Rheb and mTOR regulate neuronal polarity through Rap1B

Abstract

The development of polarized hippocampal neurons with a single axon and multiple dendrites depends on the activity of phosphoinositide 3-kinase (PI3K) and the GTPase Rap1B. Here we show that PI3K regulates axon specification and elongation through the GTPase Rheb and its target mammalian target of rapamycin (mTOR). Overexpression of Rheb induces the formation of multiple axons, whereas its suppression by RNA interference blocks axon specification. mTOR is a central regulator of translation that phosphorylates eIF4E-binding proteins like 4E-BP1. Axon formation was suppressed by inhibition of mTOR and expression of mTOR-insensitive 4E-BP1 mutants. Inhibition of PI3K or mTOR reduced the level of Rap1B, which acts downstream of Rheb and mTOR. The ubiquitin E3 ligase Smurf2 mediates the restriction of Rap1B by initiating its degradation. Suppression of Smruf2 by RNA interference is able to compensate the loss of Rheb. These results indicate that the mTOR pathway is required to counteract the Smurf2-initiated degradation of Rap1B during the establishment of neuronal polarity.

FIGURE 1.

Rheb and mTOR activity are required for neuronal polarity. A, an overview of the PI3K/Rheb/mTOR pathway is shown. PI3K promotes translation by inhibiting the Tsc1·Tsc2 complex that acts as a GTPase activating protein for Rheb (17). B, neurons were transfected on 0 d.i.v. with vectors for EGFP and pSuper (control) or pSb102 (shRNA vector directed against Rheb), and stained on 3 d.i.v. with the Tau-1 (blue) and anti-MAP2 (red) antibodies. C-E, the percentage of neurons without an axon, with a single axon, and with multiple axons (C), the length of axon (D), and the number of minor neurites per neuron (E) is shown (mean ± S.E.; ^*, p < 0.001 compared with pSuper; n > 100). F, solvent (DMSO) or 200 nm rapamycin (Rpmc) were added to neurons 3-5 h after plating. Neurons were stained at 3 d.i.v. with the Tau-1 (green, axonal marker) and anti-MAP2 antibodies (red, minor neurites).

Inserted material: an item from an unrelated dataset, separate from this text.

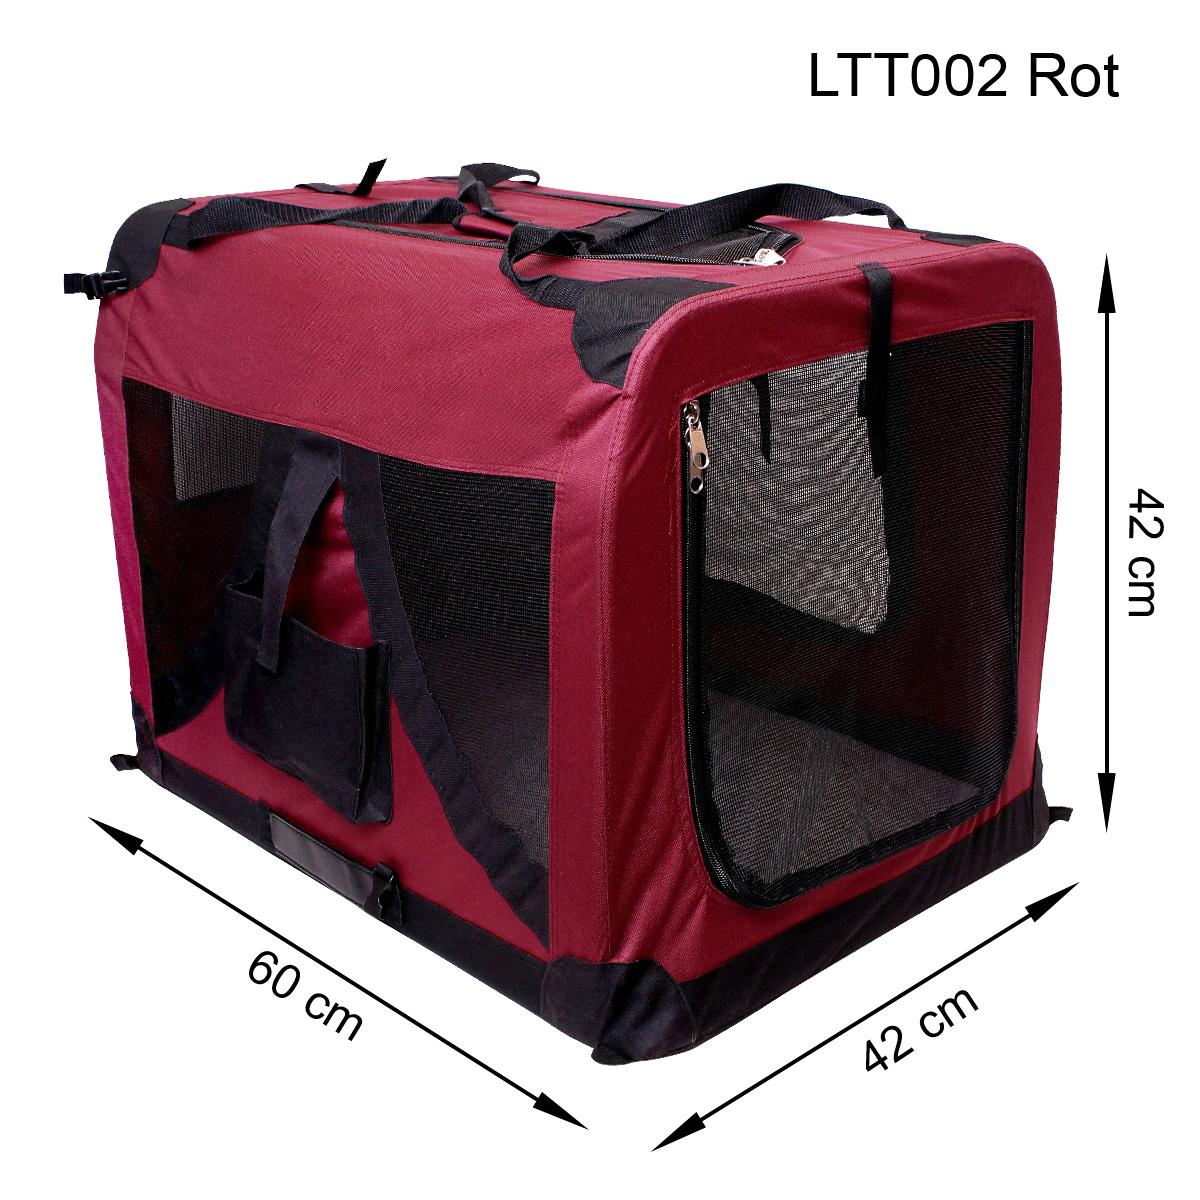 faltbare transportbox schlafplatz f r hund und katzen auto. Black Bedroom Furniture Sets. Home Design Ideas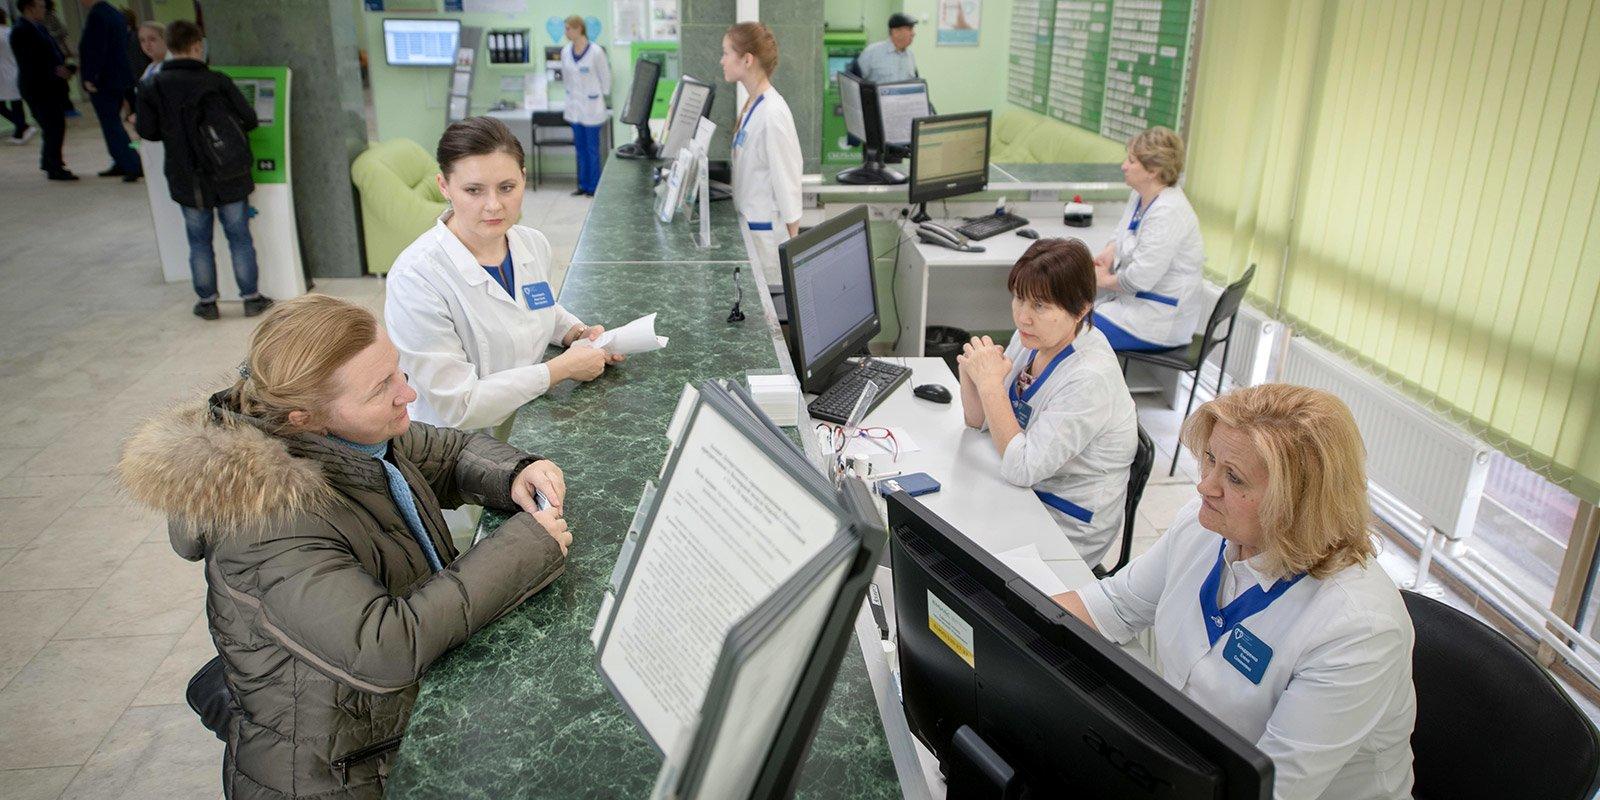 Фото: Пресс-служба Мэра и Правительства Москвы. Евгений Самарин

Axons were identified as processes showing Tau-1 immunoreactivity in their distal segments. MAP2-positive neurites longer than one cell diameter were classified as dendrites (mean ± S.E., three independent experiments; ^*, p < 0.001 compared with control (DMSO); n > 150). G, quantification of polarity defects caused at 3 d.i.v. by rapamycin at different concentrations (n = 200-250 neurons per condition). Neurons, which did not extend any axon, were classified as unpolarized. The scale bar is 20 μm.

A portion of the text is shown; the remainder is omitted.